YOUR TASK: Reprint all of the data below exactly as shown and skip every image.

⁂

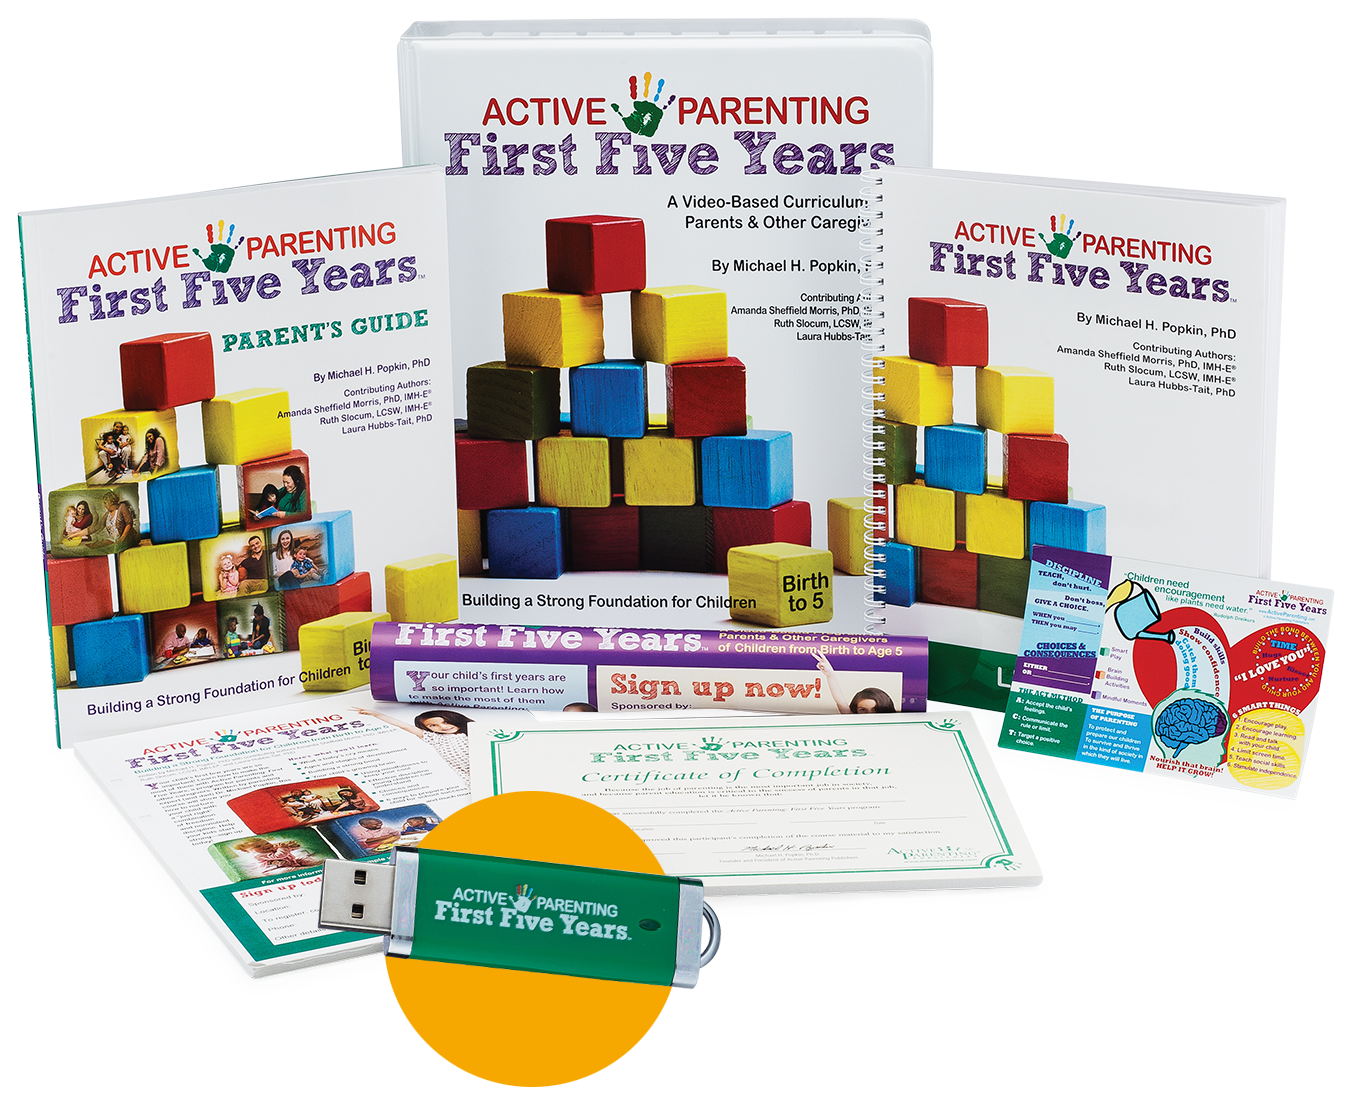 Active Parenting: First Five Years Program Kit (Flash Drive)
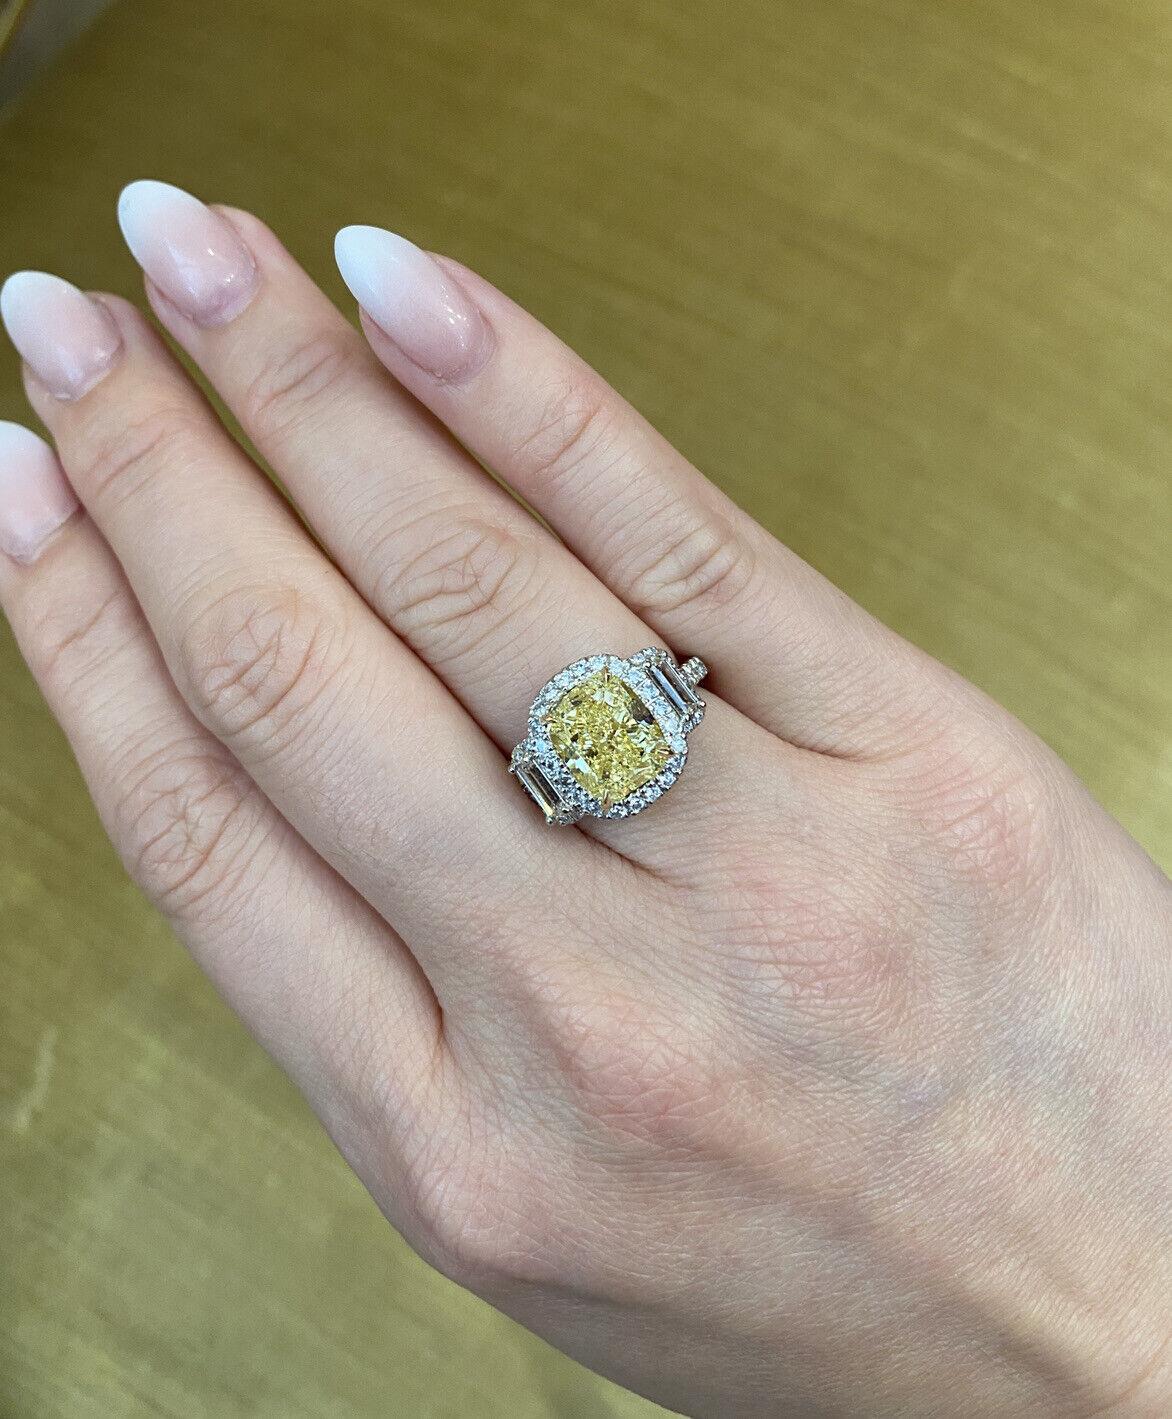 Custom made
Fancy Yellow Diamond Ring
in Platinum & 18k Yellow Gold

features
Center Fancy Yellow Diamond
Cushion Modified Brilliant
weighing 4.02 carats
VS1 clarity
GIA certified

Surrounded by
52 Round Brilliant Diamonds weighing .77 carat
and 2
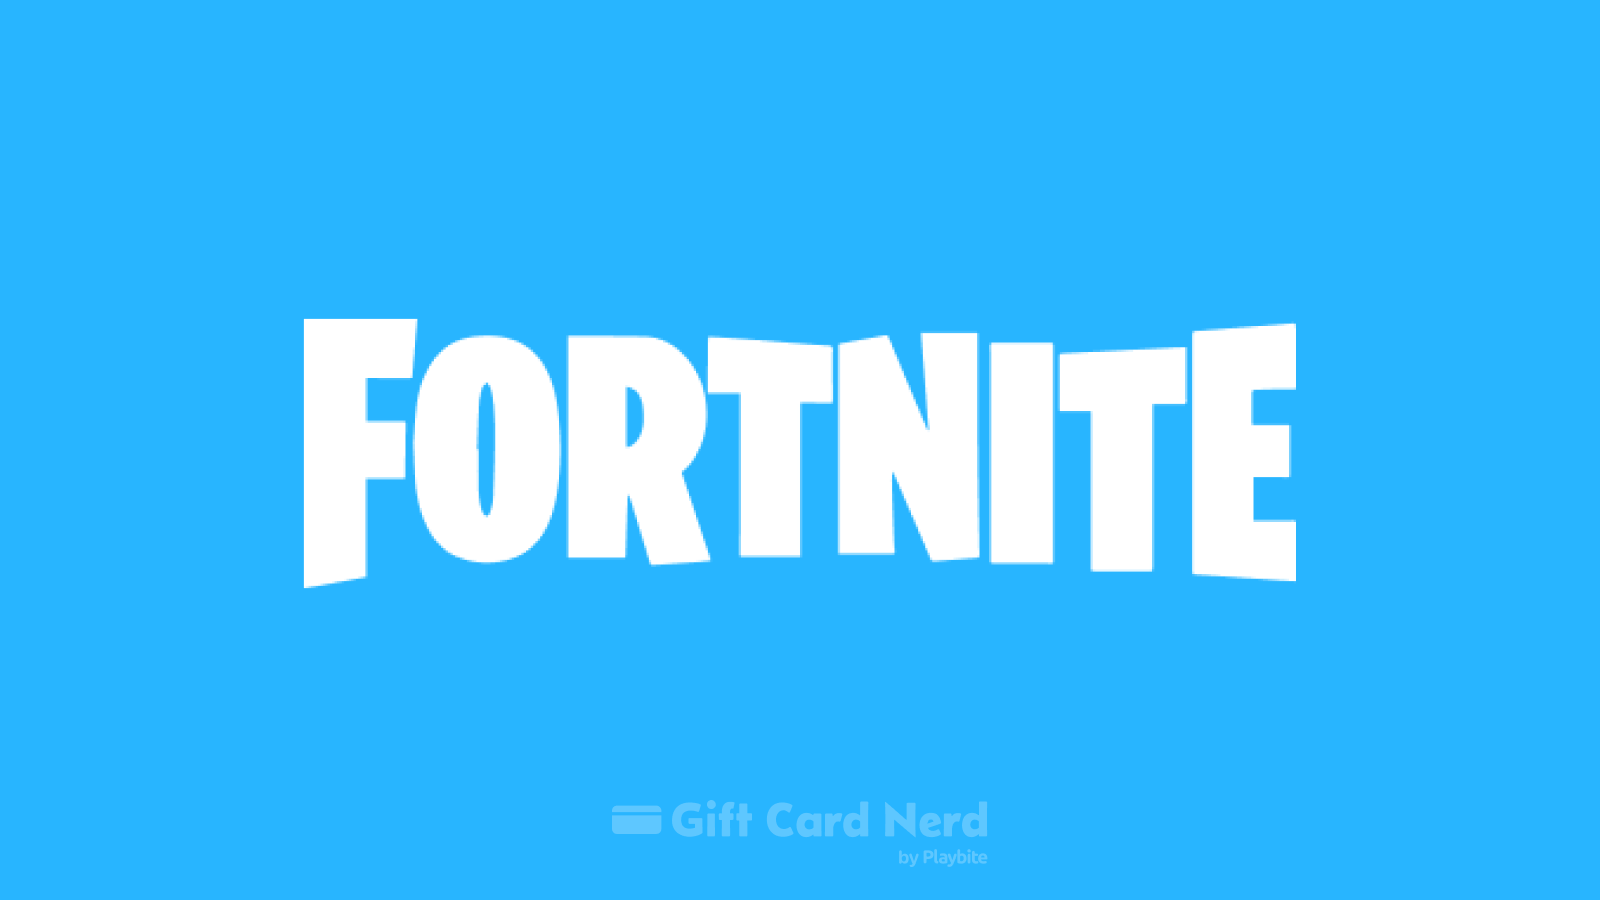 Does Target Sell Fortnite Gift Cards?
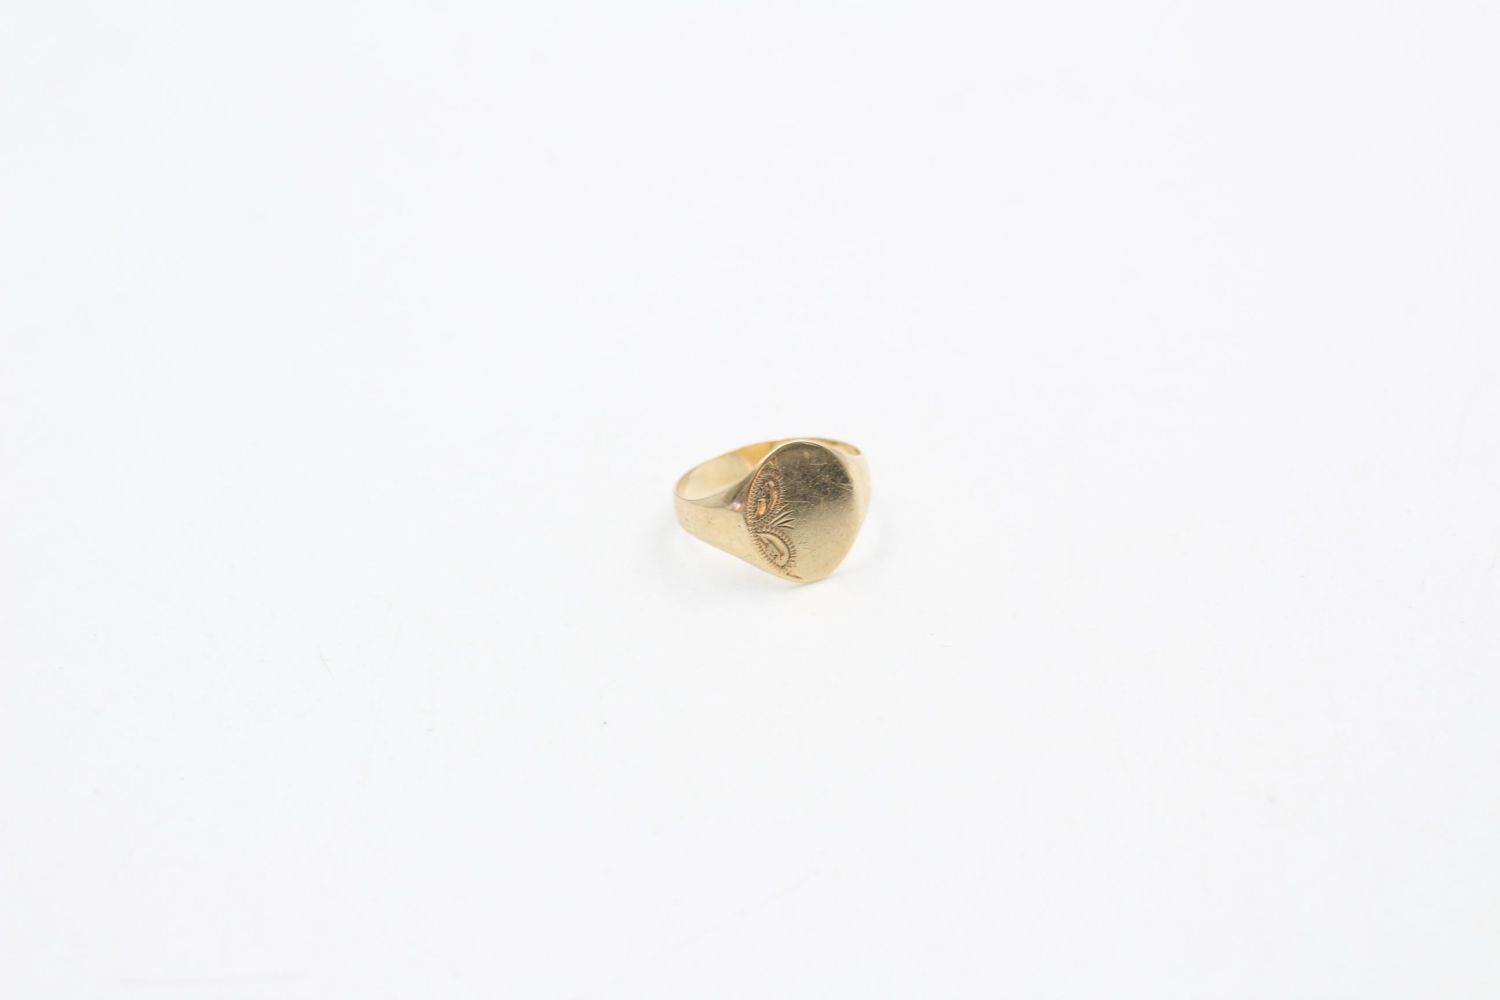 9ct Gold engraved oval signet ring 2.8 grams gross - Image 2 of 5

⁂

ANSWER TO THIS EXERCISE:
 Active Parenting: First Five Years Program Kit (Flash Drive)
 Custom made
Fancy Yellow Diamond Ring
in Platinum & 18k Yellow Gold

features
Center Fancy Yellow Diamond
Cushion Modified Brilliant
weighing 4.02 carats
VS1 clarity
GIA certified

Surrounded by
52 Round Brilliant Diamonds weighing .77 carat
and 2
 Does Target Sell Fortnite Gift Cards?
 9ct Gold engraved oval signet ring 2.8 grams gross - Image 2 of 5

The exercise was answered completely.